Mario Ivov

Personal information
- Full name: Mario Valentinov Ivov
- Birth name: Mario Magdalinov Topuzov
- Date of birth: 25 July 1999 (age 26)
- Place of birth: Blagoevgrad, Bulgaria
- Height: 1.73 m (5 ft 8 in)
- Position: Midfielder

Team information
- Current team: Vihren Sandanski
- Number: 8

Youth career
- 0000–2016: Litex Lovech
- 2016–2018: Pirin Blagoevgrad

Senior career*
- Years: Team / Apps / (Gls)
- 2017–2018: Pirin Blagoevgrad / 16 / (0)
- 2019–2020: Septemvri Simitli / 32 / (10)
- 2020–2024: CSKA 1948 / 90 / (3)
- 2021–2024: CSKA 1948 II / 21 / (4)
- 2023: → Steaua București (loan) / 7 / (0)
- 2025: Pirin Blagoevgrad / 31 / (4)
- 2026–: Vihren Sandanski / 13 / (3)

International career
- 2017: Bulgaria U18 / 1 / (0)

= Mario Ivov =

Bulgarian footballer (born 1999)

Mario Valentinov Ivov (Марио Ивов; born 25 July 1999) is a Bulgarian footballer who currently plays as a midfielder for Vihren Sandanski.

==Career==
===Pirin Blagoevgrad===
In June 2016, Topuzov started pre-season training with Pirin Blagoevgrad's first team.

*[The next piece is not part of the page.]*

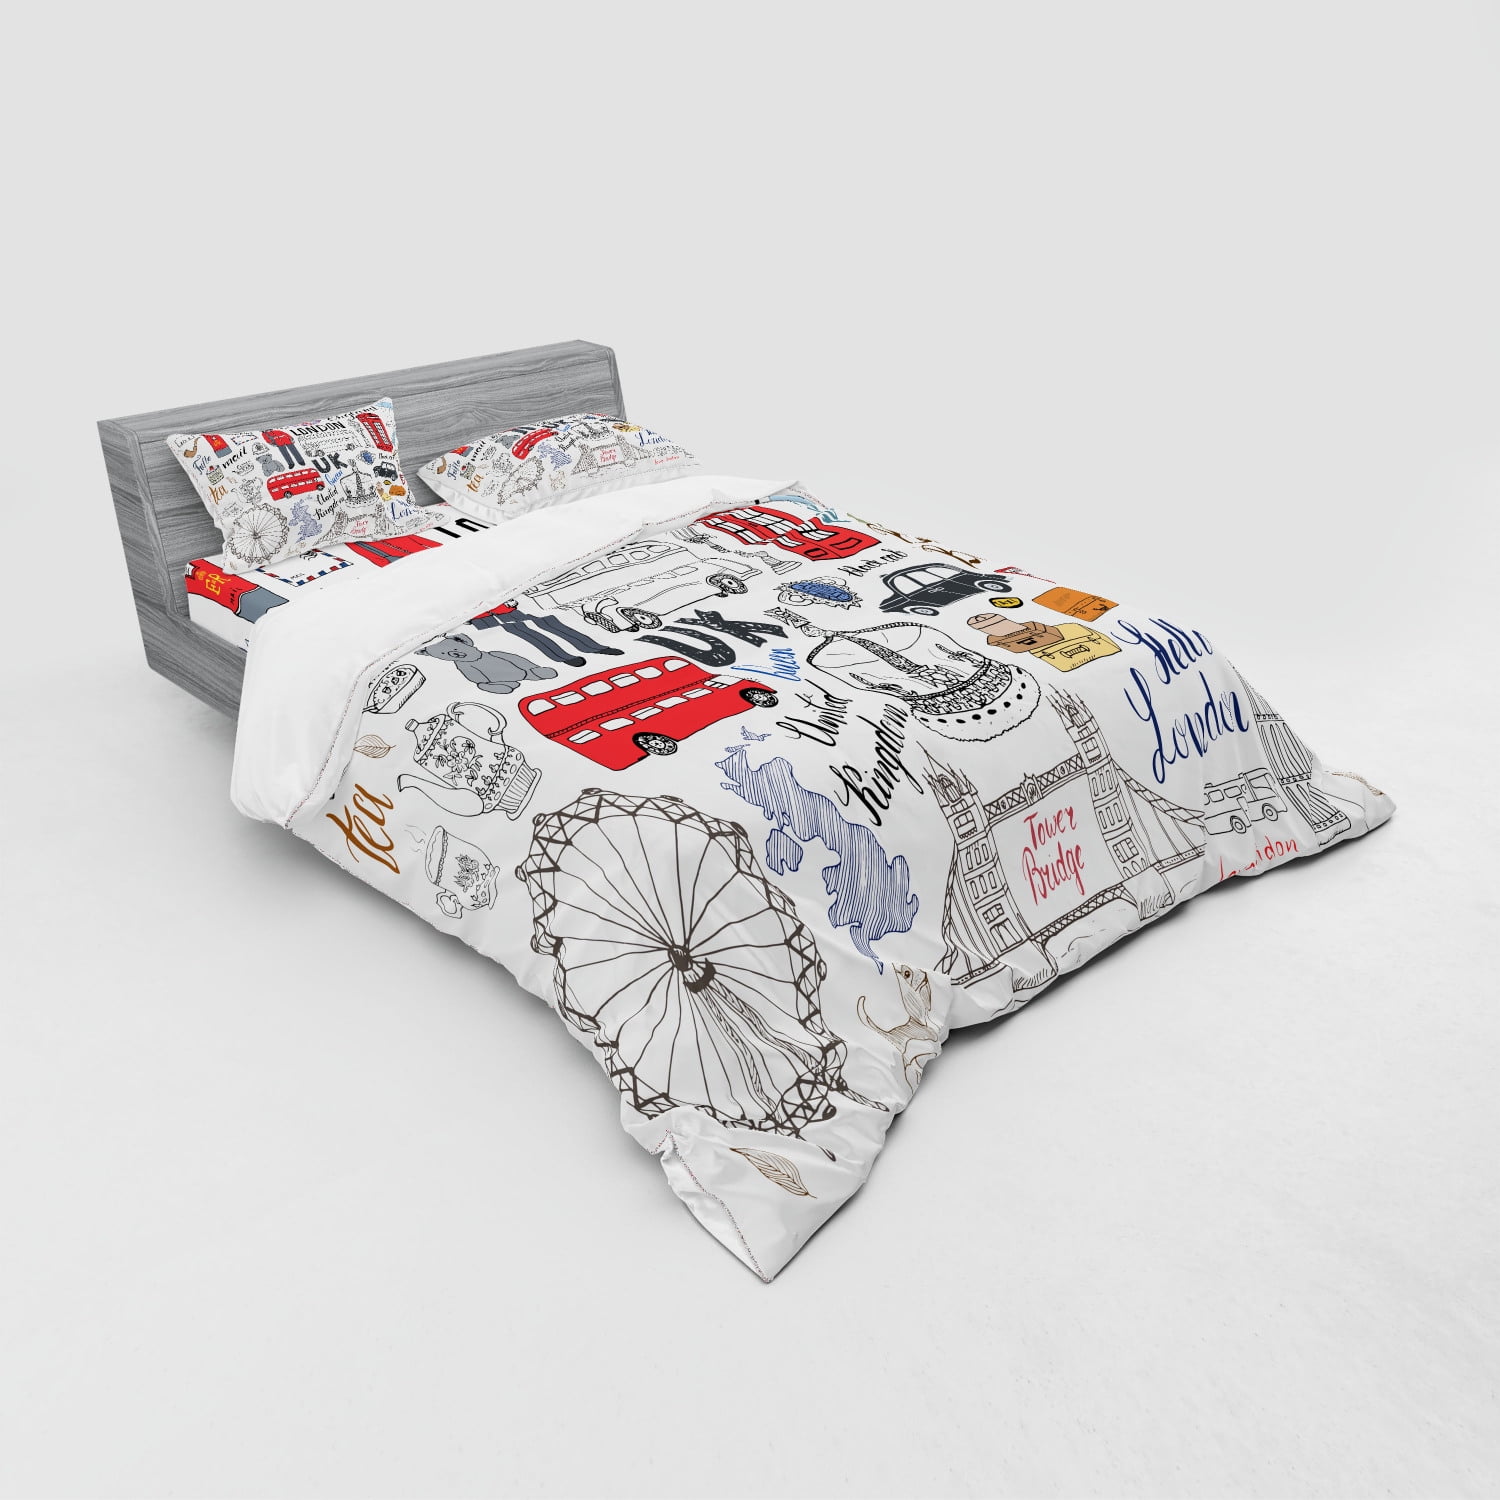 Multicolor nev_41655_twin Ambesonne Doodle Duvet Cover Set Twin Size I Love London Double Decker Bus Telephone Booth Cab Crown of United Kingdom Big Ben Decorative 2 Piece Bedding Set with 1 Pillow Sham

On 5 March 2017, he made his professional debut in a 0–3 away loss against Ludogorets Razgrad, coming on as substitute for Stanislav Kostov.

==Personal life==
In February 2025 he changed his name to Mario Vladimirov Ivov, taking his father's name. Until that, he used his mother's name and was known as Mario Magdalinov Topuzov.